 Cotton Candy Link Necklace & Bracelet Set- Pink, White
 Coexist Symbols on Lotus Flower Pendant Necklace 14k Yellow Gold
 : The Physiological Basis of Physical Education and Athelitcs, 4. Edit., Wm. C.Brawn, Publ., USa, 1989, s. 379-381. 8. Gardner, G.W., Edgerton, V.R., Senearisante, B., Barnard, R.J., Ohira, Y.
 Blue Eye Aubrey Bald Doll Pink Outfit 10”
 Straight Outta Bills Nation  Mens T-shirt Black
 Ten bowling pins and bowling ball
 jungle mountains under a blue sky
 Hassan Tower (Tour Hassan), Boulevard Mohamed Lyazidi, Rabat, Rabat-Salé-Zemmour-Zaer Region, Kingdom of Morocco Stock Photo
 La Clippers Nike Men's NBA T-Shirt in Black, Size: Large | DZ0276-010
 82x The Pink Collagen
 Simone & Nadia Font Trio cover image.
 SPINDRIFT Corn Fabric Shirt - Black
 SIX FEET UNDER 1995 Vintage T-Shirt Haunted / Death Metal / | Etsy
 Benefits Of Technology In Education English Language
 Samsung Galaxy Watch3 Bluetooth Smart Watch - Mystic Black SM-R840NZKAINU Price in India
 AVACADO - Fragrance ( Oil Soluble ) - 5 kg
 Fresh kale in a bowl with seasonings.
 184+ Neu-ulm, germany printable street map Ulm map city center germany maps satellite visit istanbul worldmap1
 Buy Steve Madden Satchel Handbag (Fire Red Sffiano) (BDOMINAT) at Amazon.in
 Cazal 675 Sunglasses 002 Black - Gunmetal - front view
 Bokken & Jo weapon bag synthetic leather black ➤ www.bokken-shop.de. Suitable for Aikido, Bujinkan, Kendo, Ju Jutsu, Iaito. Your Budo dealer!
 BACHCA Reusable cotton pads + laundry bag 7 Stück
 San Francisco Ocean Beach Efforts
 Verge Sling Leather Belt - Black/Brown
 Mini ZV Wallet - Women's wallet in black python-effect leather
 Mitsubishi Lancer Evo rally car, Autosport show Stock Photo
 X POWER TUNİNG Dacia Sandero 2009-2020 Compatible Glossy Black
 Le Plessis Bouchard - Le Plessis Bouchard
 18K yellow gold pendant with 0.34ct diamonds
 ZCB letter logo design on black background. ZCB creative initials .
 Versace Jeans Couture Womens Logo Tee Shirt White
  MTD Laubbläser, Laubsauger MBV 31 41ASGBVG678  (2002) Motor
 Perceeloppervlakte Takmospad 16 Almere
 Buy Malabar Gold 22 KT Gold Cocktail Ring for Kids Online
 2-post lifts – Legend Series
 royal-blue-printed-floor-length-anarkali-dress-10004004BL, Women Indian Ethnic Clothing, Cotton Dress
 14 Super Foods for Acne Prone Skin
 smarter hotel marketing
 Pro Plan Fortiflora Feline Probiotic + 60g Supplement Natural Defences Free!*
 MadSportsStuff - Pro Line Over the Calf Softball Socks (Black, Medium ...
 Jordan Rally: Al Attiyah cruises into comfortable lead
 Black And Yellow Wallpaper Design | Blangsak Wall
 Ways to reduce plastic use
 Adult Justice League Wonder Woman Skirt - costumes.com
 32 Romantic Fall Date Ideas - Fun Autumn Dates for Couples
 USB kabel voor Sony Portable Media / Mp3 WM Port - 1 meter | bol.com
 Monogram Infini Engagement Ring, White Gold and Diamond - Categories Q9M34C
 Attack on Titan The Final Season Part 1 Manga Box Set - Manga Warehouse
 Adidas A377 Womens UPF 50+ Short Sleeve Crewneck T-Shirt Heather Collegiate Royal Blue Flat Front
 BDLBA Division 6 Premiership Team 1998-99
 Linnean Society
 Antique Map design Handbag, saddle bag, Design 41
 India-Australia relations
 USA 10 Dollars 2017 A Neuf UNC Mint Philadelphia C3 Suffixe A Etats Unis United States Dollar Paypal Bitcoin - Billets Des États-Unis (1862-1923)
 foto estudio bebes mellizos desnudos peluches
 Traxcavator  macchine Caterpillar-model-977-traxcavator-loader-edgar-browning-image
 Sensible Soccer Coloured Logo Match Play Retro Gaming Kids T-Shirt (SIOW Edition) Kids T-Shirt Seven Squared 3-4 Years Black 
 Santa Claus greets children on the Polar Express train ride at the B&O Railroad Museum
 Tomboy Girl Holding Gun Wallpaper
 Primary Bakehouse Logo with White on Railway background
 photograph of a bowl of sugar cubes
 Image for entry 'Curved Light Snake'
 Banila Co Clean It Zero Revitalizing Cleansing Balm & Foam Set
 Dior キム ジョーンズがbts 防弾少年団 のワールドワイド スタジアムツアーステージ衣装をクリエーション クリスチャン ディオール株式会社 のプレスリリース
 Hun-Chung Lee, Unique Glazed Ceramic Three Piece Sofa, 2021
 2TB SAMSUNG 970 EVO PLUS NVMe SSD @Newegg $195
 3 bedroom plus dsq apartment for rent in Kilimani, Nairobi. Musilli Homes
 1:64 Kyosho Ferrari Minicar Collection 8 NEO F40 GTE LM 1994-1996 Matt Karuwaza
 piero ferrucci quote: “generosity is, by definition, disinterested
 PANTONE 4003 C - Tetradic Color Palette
---*---
Starting at the line with "Tomboy Girl Holding Gun Wallpaper", retype each line through the final one in the data above, unchanged and with nothing added.

§ Solution for this task
 Tomboy Girl Holding Gun Wallpaper
 Primary Bakehouse Logo with White on Railway background
 photograph of a bowl of sugar cubes
 Image for entry 'Curved Light Snake'
 Banila Co Clean It Zero Revitalizing Cleansing Balm & Foam Set
 Dior キム ジョーンズがbts 防弾少年団 のワールドワイド スタジアムツアーステージ衣装をクリエーション クリスチャン ディオール株式会社 のプレスリリース
 Hun-Chung Lee, Unique Glazed Ceramic Three Piece Sofa, 2021
 2TB SAMSUNG 970 EVO PLUS NVMe SSD @Newegg $195
 3 bedroom plus dsq apartment for rent in Kilimani, Nairobi. Musilli Homes
 1:64 Kyosho Ferrari Minicar Collection 8 NEO F40 GTE LM 1994-1996 Matt Karuwaza
 piero ferrucci quote: “generosity is, by definition, disinterested
 PANTONE 4003 C - Tetradic Color Palette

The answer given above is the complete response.